In the state of California, both lenders and borrowers use secured promissory notes whenever they need to lend or borrow money. This type of legal agreement provides the lender with additional security that they will get their loan back.

In this article, we will discuss what exactly California secured promissory note is and how it differs from the unsecured promissory note. Additionally, we will discuss the way to write a secured promissory note California.

What Is a California Secured Promissory Note?

California secured promissory note is a contract between two parties, including a lender who lends money to another party (borrower) which can be any individual or business. As the name suggests, this promissory note is secured as it is backed by any collateral.

In secured promissory note California, the borrower pledges his/her any asset or property such a vehicle or home as collateral. It serves as additional insurance and security for a lender when lending money to the borrower, specifically if the borrower fails to repay the loan.

More precisely, a secured promissory note enables the lender to claim for collateral and take into possession a vehicle, land, home, or any other personal property pledged by the borrower. Lenders are highly advised to use secured notes if the borrower has a poor credit loan history.

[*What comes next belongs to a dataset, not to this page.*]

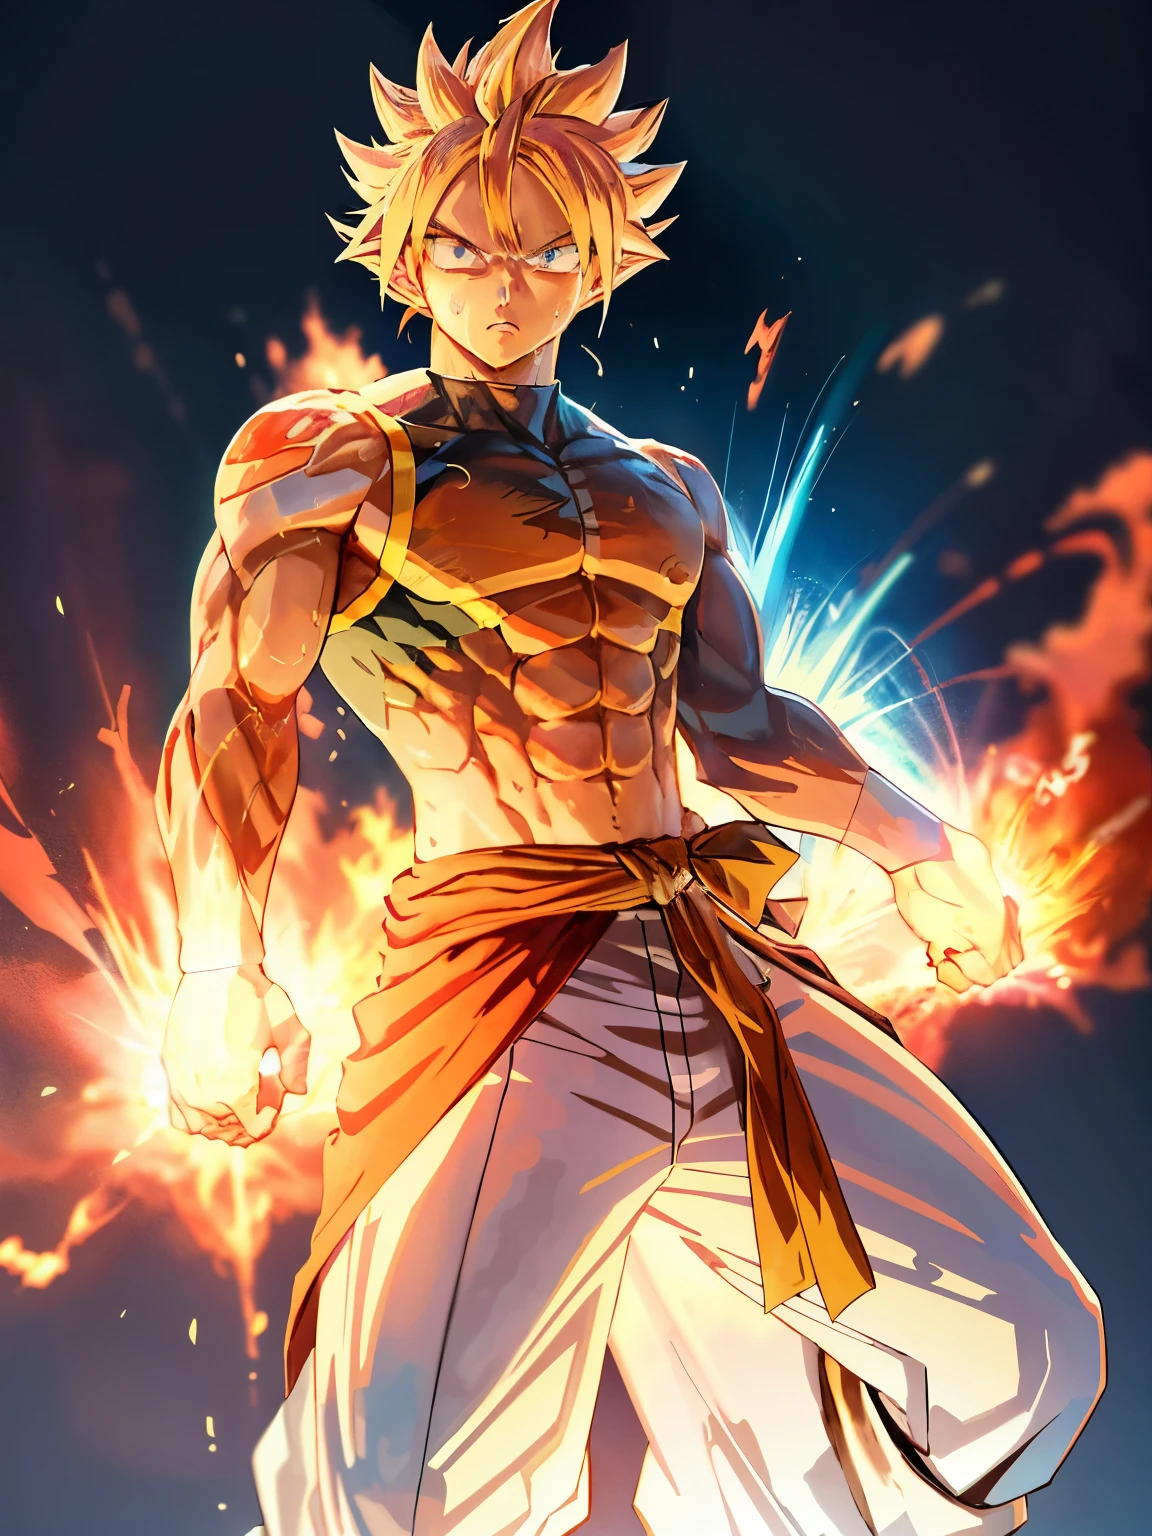 Goku in Ultra Instinct, eine epische Anime-Darstellung eines Energiemannes, 4K Manga-Hintergrundbild, Super Saiyajin blau, Anime-Hintergrundbild 4k, hochdetailliertes Porträt, menschlicher Goku, muskulöser Körperbau, straffe Bauchmuskeln und schlanker Körper, blonde Haare stehen zu Berge, Intensiver Fokus, durchdringende blaue Augen, kraftvolle Aura, übertriebene Muskeldefinition, jede Ader und Muskelfaser tritt hervor, Schweiß tropft von seinem Körper, entschlossener Ausdruck, Ultra Instinct Aura, die von seinem Wesen ausgeht.

Differences between California Secured and Unsecured Promissory Note

As mentioned earlier, California promissory notes are of two main kinds, one is a secured promissory note, and the other is an unsecured note. Both promissory notes differ from each other depending on their specific terms for the loan.

In California secured promissory note, the borrower is obliged to repay the loan, and money loaned is secured by some property. Simply put, if the borrower fails to make loan repayment due to any reason, the lender can seize the borrower's designated property or asset to reimburse the loan.

In other words, if the collateral attached to the promissory note is of sufficient value that covers the amount of money loaned, the lender has a guarantee of being repaid.

Likewise, an unsecured promissory note is a legal contract in which lender and borrower enter to outline the specific terms for loan repayment. However, unlike secured promissory note California, an unsecured note does not guarantee the lender to obtain loan repayment.

In an unsecured promissory note, the lender will need to file a civil lawsuit against the borrower if he fails to satisfy loan payment in full within the agreed-upon time. Moreover, an unsecured note California is used by the lender when the borrower has a good credit history.

How Do You Write a California Secured Promissory Note?

When it comes to writing secured promissory note California, all you need to do is to follow some simple steps:

  • Initially download the free downloadable templates for secured promissory note offered by CocoSign.
  • Now in this step, you will need to input some information about the lender and borrower. This section includes the legal names of both borrowers and lenders along with their address and interest rate (per year) if it is applied.
  • Thirdly, you need to add information about the payment method that will be used by the borrower. Precisely, this section requires information about the payment schedule, installment options along with the amount of loan payment. Lenders must also list the due date for payment.
  • Furthermore, you must include the amount of interest that will be charged in case of default on loan.
  • In the next step, you must include information about late fees and the amount that the borrower will need to pay. Besides, the lender must list days for the borrower to cure the default.
  • More importantly, a secured promissory note must include a comprehensive description regarding collateral that is pledged by a borrower as security.
  • Lastly, signatures of both lenders and borrowers are required along with dates to bring California secured promissory notes into effect.


All in all, California secured promissory note is used by the lender and the borrower to guarantee loan repayment. Lenders are advised to use a secured promissory note if they feel like the borrower has a poor credit history and low net worth.

This contract is legally binding between lender and borrower offering additional security to the lender in the form of collateral. If you are planning to give a loan to any individual or business, make sure you use a secure promissory note California.